The electronic design of MEMS sensors is very challenging. Most MEMS sensors (the ADXL2O2E included) mechanical systems are designed to realise a variable capacitor. Electronics are used to convert the variable capacitance to a variable voltage or current, amplify, linearise, and in some cases, temperature compensate the signal. This is a challenging task as the signals involved are very minute.

In the case of the ADXL2O2E for example, the smallest resolvable signal is approximately 2OzF and this is on top of a common mode signal several orders of magnitude greater than that! Of course, for cost reasons the
electronics must be made as compact as possible at the same time.

The integrated approach presented further challenges.
Many standard production steps that improve the mechanical structure degrade the electronics and vice versa. For example, the usual method for flattening out the Polysilicon mechanical structure is annealing (where the structure is exposed to controlled high temperatures). While the annealing process is beneficial to the mechanical structure, it can degrade or destroy the BiMOS transistors used in the signal conditioning electronics. So compatible mechanical and electronic process methods had to be devised.

Another roadblock for the MEMS designer has been the unavailability of standard design software. Modern integrated circuits are rarely designed by hand. Complex CAD and simulation software is used to help design and optimise the designers concepts.

MEMS design software is still in its infancy, and most MEMS manufacturers develop part or all of their CAD and simulation software to suit their particular needs.

The fabrication process design challenge is perhaps the greatest one. Techniques for building three-dimensional MEMS structures had to be devised. Chemical and trench etching can be used to "cut out" structures from solid polysilicon, but additional process steps must be used to remove the material underneath the patterned polysilicon to allow it to move freely.

Standard plastic injection molded IC packaging cannot be used because of the moving parts of the MEMS structure.

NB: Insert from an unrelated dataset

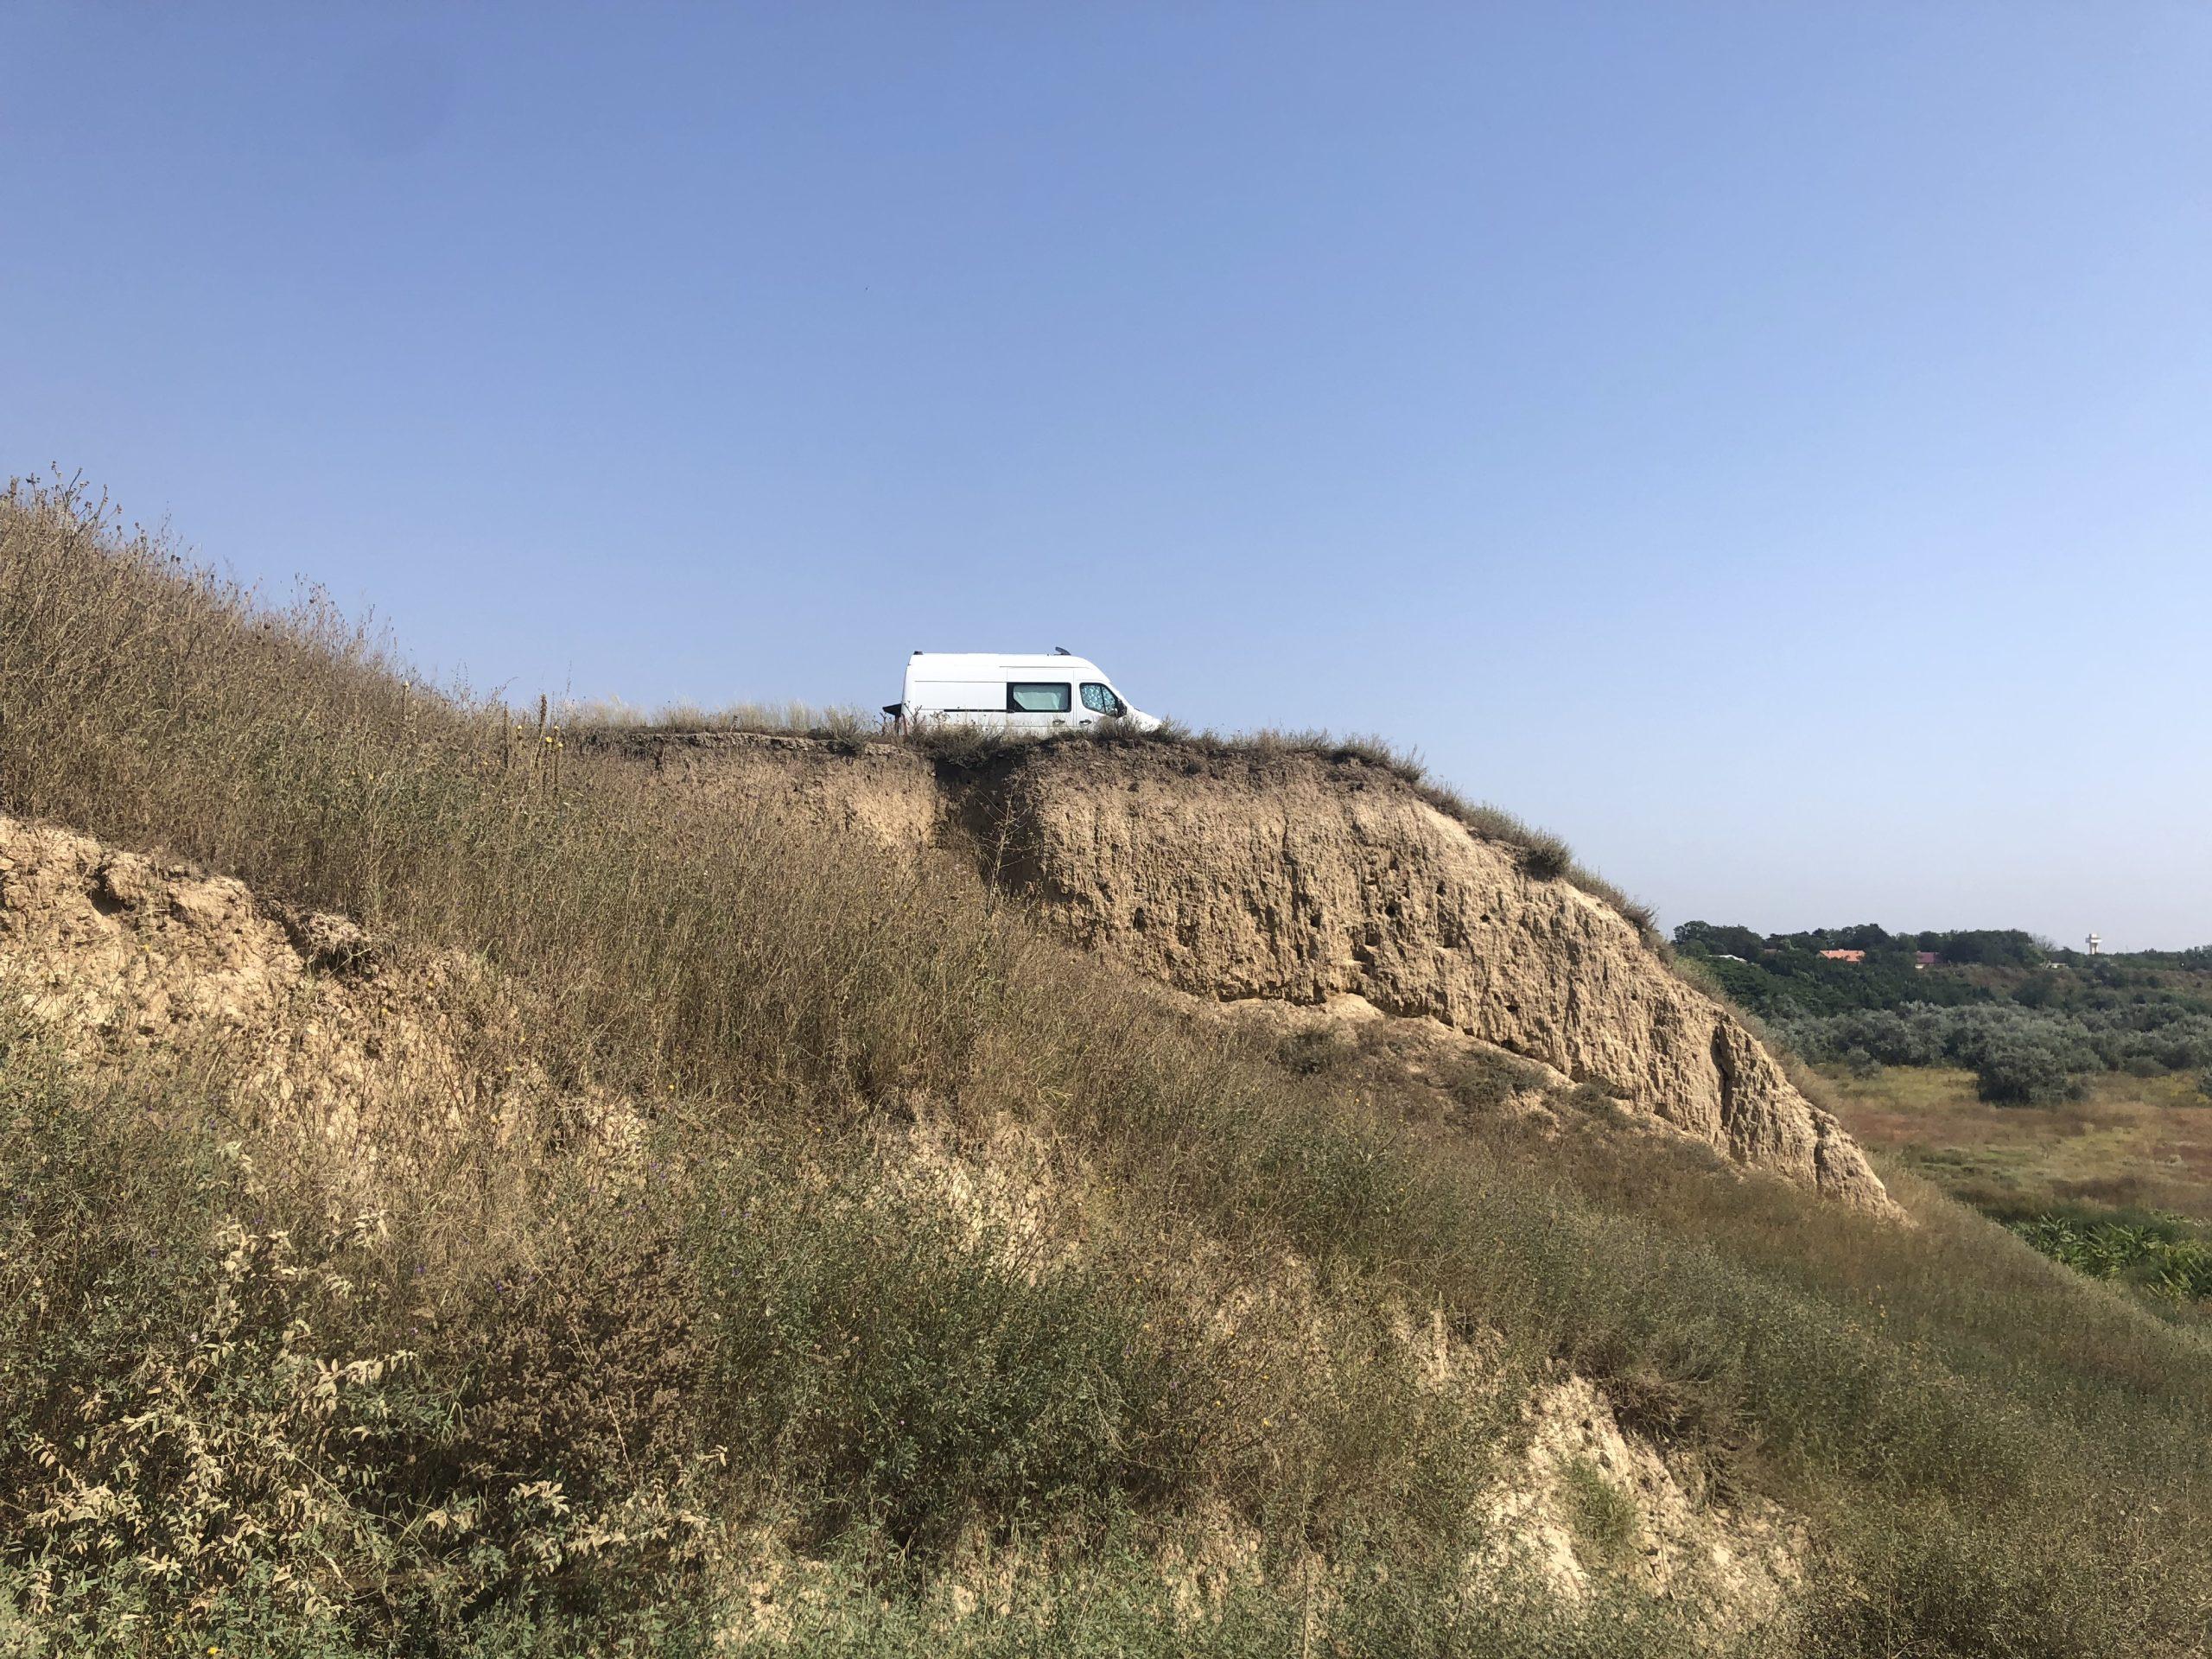 De buscamper parkeren op de kliffen bij Plaja Corbu

A cavity of some type must be maintained around the mobile MEMS structure. So alternative low-cost cavity packaging was developed.

In addition, this package must also be mechanically stable as external mechanical stress could result in output changes.

Even mundane tasks, such as cutting the wafer up into single die, becomes complicated. In a standard IC the particle residue created by the sawing process does not effect the IC. In a moving MEMS structure these particles can ruin a device.

The Users Challenge

MEMS sensors, like almost all electronic devices, do not exhibit ideal behaviour. While most designers have learned how to handle the non-ideal behaviour of op-amps and transistors, few have learned the design techniques used to compensate for non-ideal MEMS behaviour. In most cases, this type of information is not available in textbooks or courses, as the technology is quite new. So generally designers must get this type of information from the MEMS manufacturer.

Analog Devices, for example, maintains a web site with design tools, reference designs, and dozens of application notes specific to its MEMS accelerometers to ease the users work.